Последнего сына Сергея армия ей оставила. По законам мирного времени дали ему отсрочку от службы, так как на его содержании «нетрудоспособный иждивенец».
Сейчас она на пенсии, к сердечным болям добавилась, говорят, катаракта. Видеть стала плохо. Ей бы невестку, помощницу, но нельзя, жениться сын не имеет права: тогда в семье будут два трудоспособных на одного иждивенца.
Капитан был не без юмора и сказал Сергею: «Учти, Старосельцев, закон писали умные люди. Они там для тебя крючок специально оставили: женишься – заберём, отправим на тихоокеанский флот, всего на шестьдесят месяцев».
6.
 В этот день Сергей Старосельцев был в районо. Оттуда его посылали в райфинотдел, затем в райисполком. Вернулся – бумаги некому подписать. Под вечер отпустили. Выйдя, он заметил, что ветер на улице сделался резким, налетал порывами: то гнал вдоль порядка белые ленты, скручивая их кругами, то немного успокаивался.
 Пошёл на постоялый двор, к Дарье. Не задами пошёл, а по улице, надеясь встретить таким образом Барбашова, если тот надумает ехать навстречу.
 Розвальни стояли во дворе. Огонёк лениво жевал клочок сена. Сергей взял у хозяйки ведро, напоил лошадь. Скорее всего, подумал он, Санька в чайной. Он служил в Германии, и появился у него там «счёт в Азовском банке». И как только представляется возможность, он не прочь «посидеть».
 На этот раз он сидел  в дальнем углу, у окна, с какими-то чужими парнями. Он им говорил что-то, размахивая руками и вскакивая. Язык у Сашки подвешен, острый, как бритва.  Рассказывал как–то историю про недокипячёный чай, которым их напоили, о том, как несло их всех  «в сорок струй, не считая брызги». Народ со смеху за животы хватался. Ему бы быть профессиональным конферансье, артистом, а он «комбайнёр замусоленный». Аккордеон он привёз со службы, с тремя регистрами: ударит по клавишам – запоёт, заговорит инструмент.

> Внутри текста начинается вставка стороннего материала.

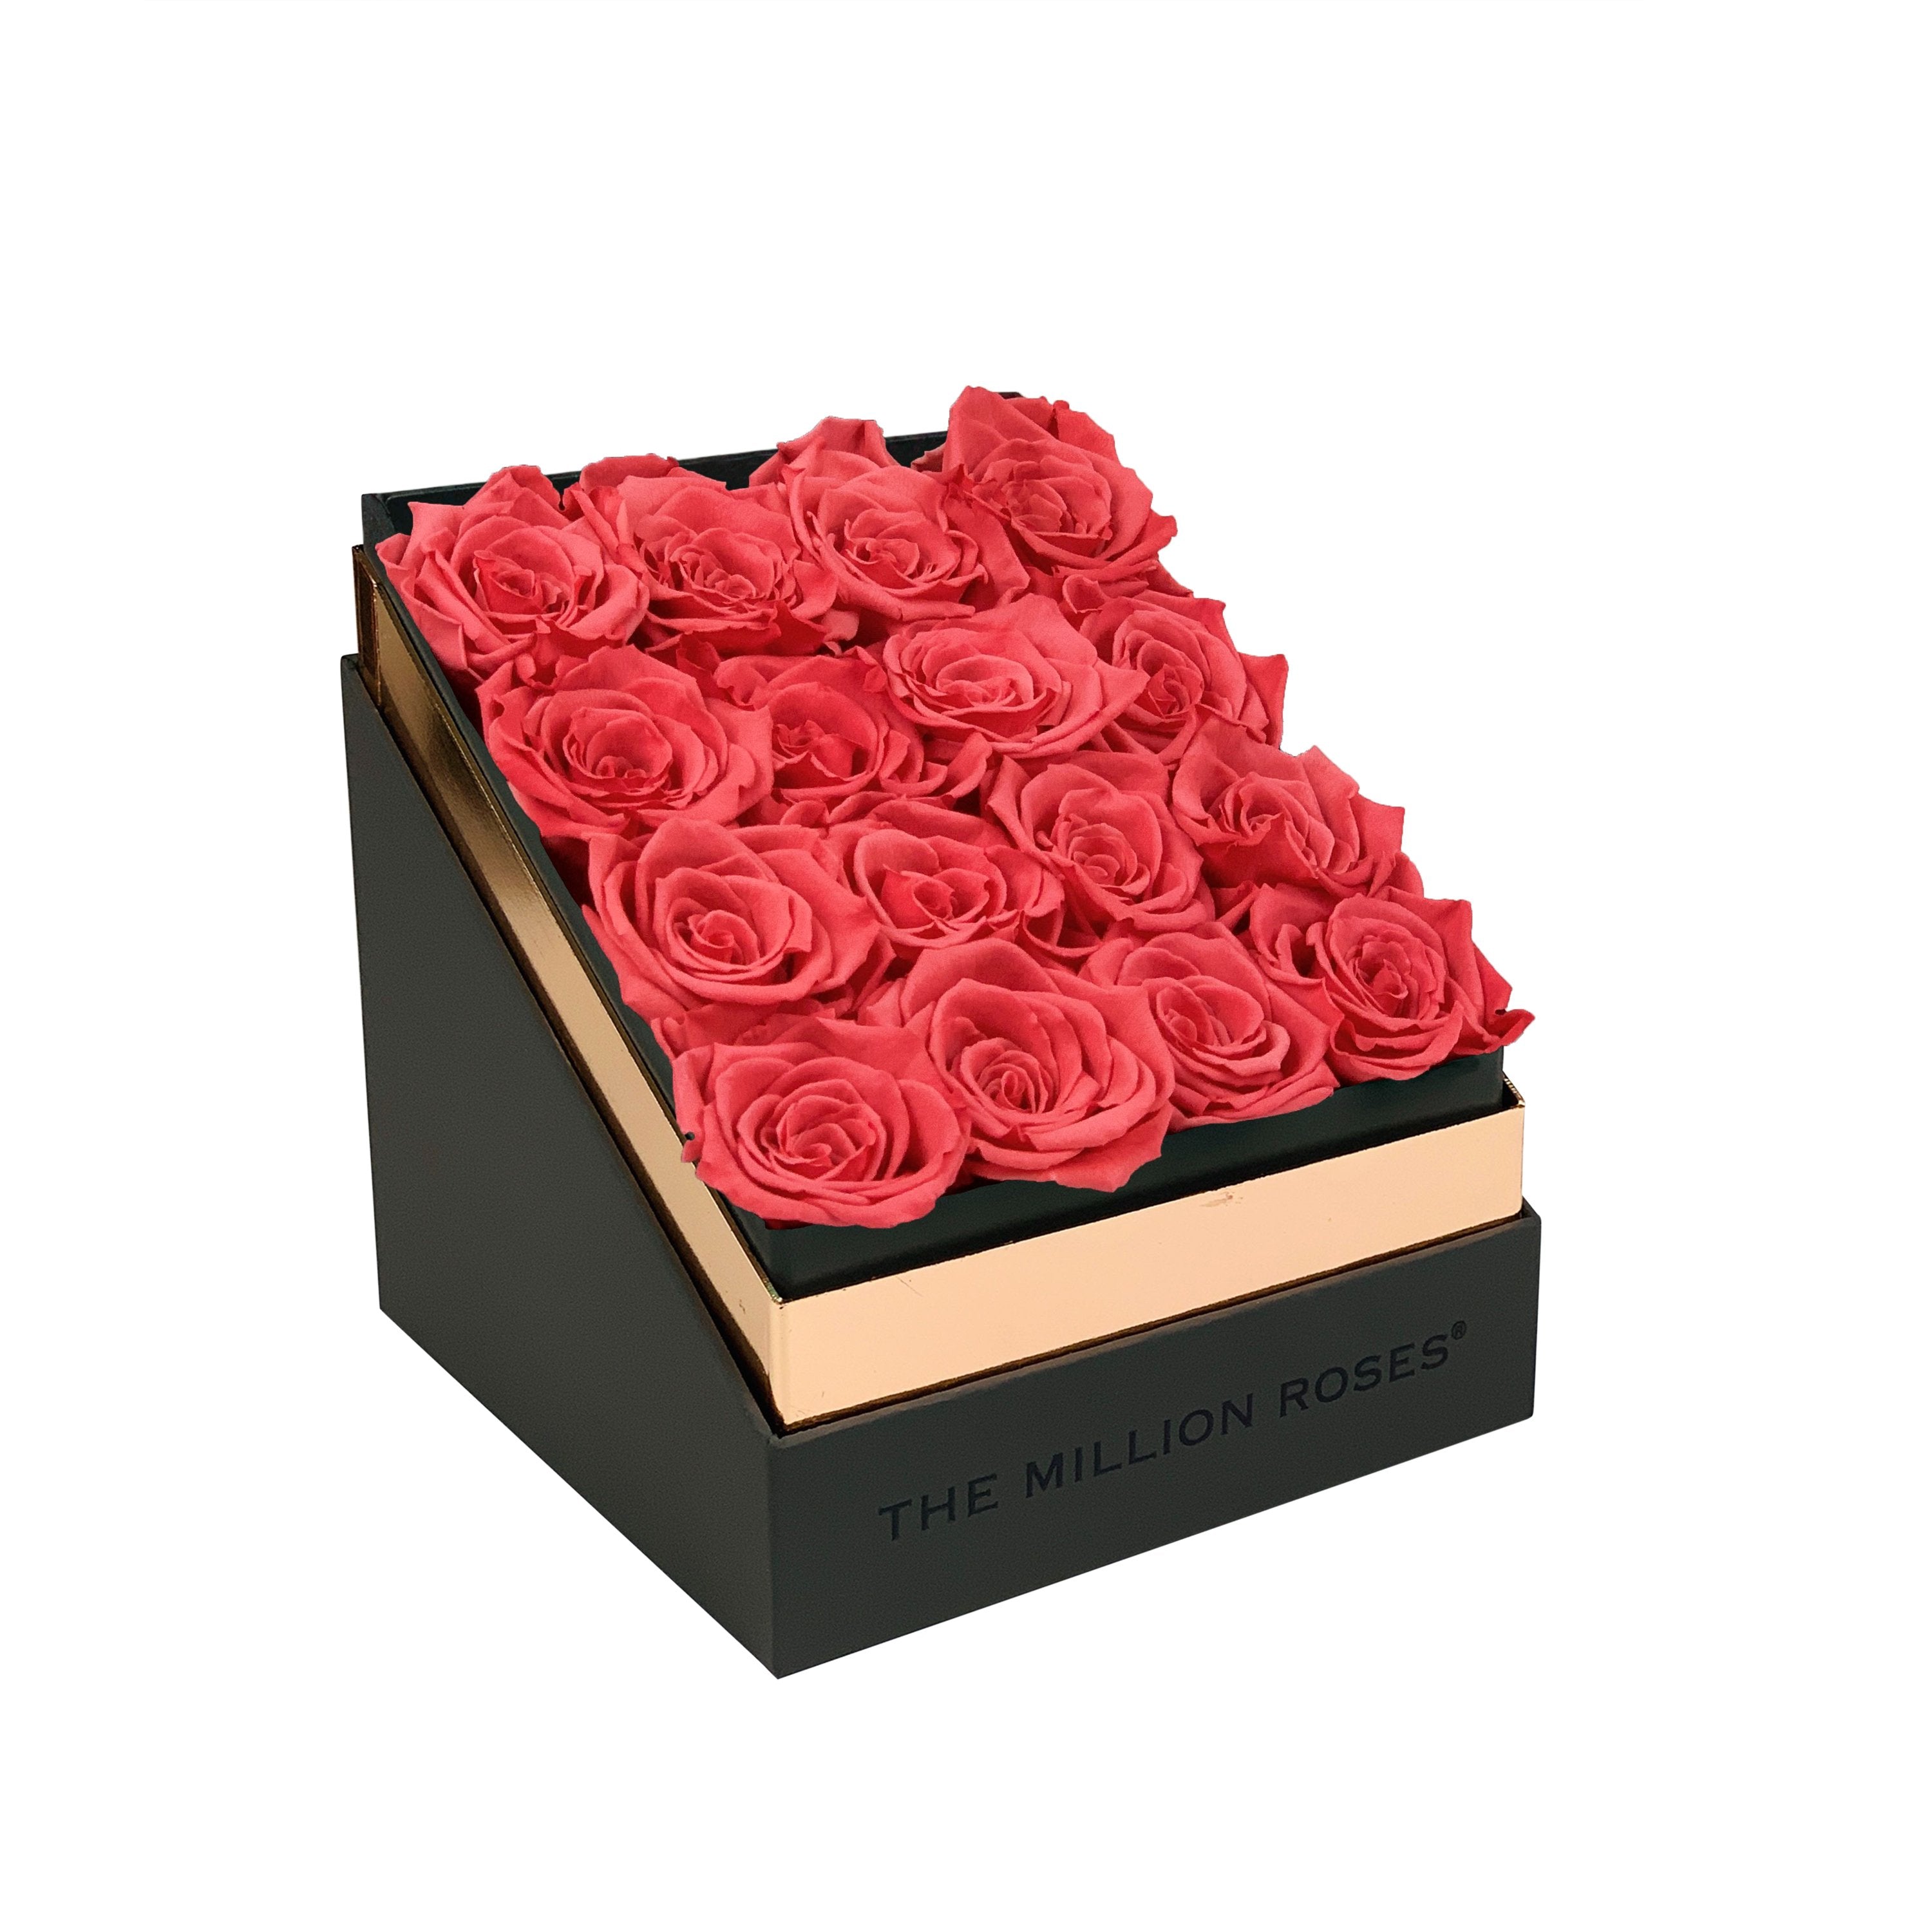 The Square - Gray Box - Coral Roses

 На этот раз «заправлял» он им что-то о боях, о танках, которые зарываются в землю и стреляют. На фронте он был без году неделю, а разговоров – на сто лет.
 Сергей подошёл сзади, послушал малость всё про тот же Кюстринский плацдарм и остановил его.
-- Кончал бы ты, Александр Михайлович, болтать. Ехать надо. Если хочешь со мной – вставай, карета подана. Нет – оставайся. Погода вон портится, как бы насовсем здесь не застрять.
-- Давай хоть по соточке ещё пропустим, Серёга, друг, – взмолился Барбашов, – а потом тронемся в путь. Дорога какая впереди – длинная предлинная! И ни одного ресторана в пути. Ха-ха-ха! А градусы, они сам знаешь, от каждого уха пучками начнут отскакивать. Ха-ха-ха! Садись, Серега!  «Бездельник, кто с нами не пьёт!»
-- Если хочешь, пей, не могу тебе запретить, - сказал Сергей без злобы. – Было время – выпивали, но сейчас не до этого. Я во дворе тебя буду ждать ровно пять минут, - закончил он, поглядев на часы, – заодно сбрую поправлю, за тулупами присмотрю.
 
7.
Ветер завыл зловеще, когда выехали за село, поднялись на взгорок, к большаку. Позёмка подняла всё вокруг и всё смешала.  И не видно стало ни земли, ни неба. Еле различалась строчка телеграфных столбов, да кюветы большака темнели справа и слева.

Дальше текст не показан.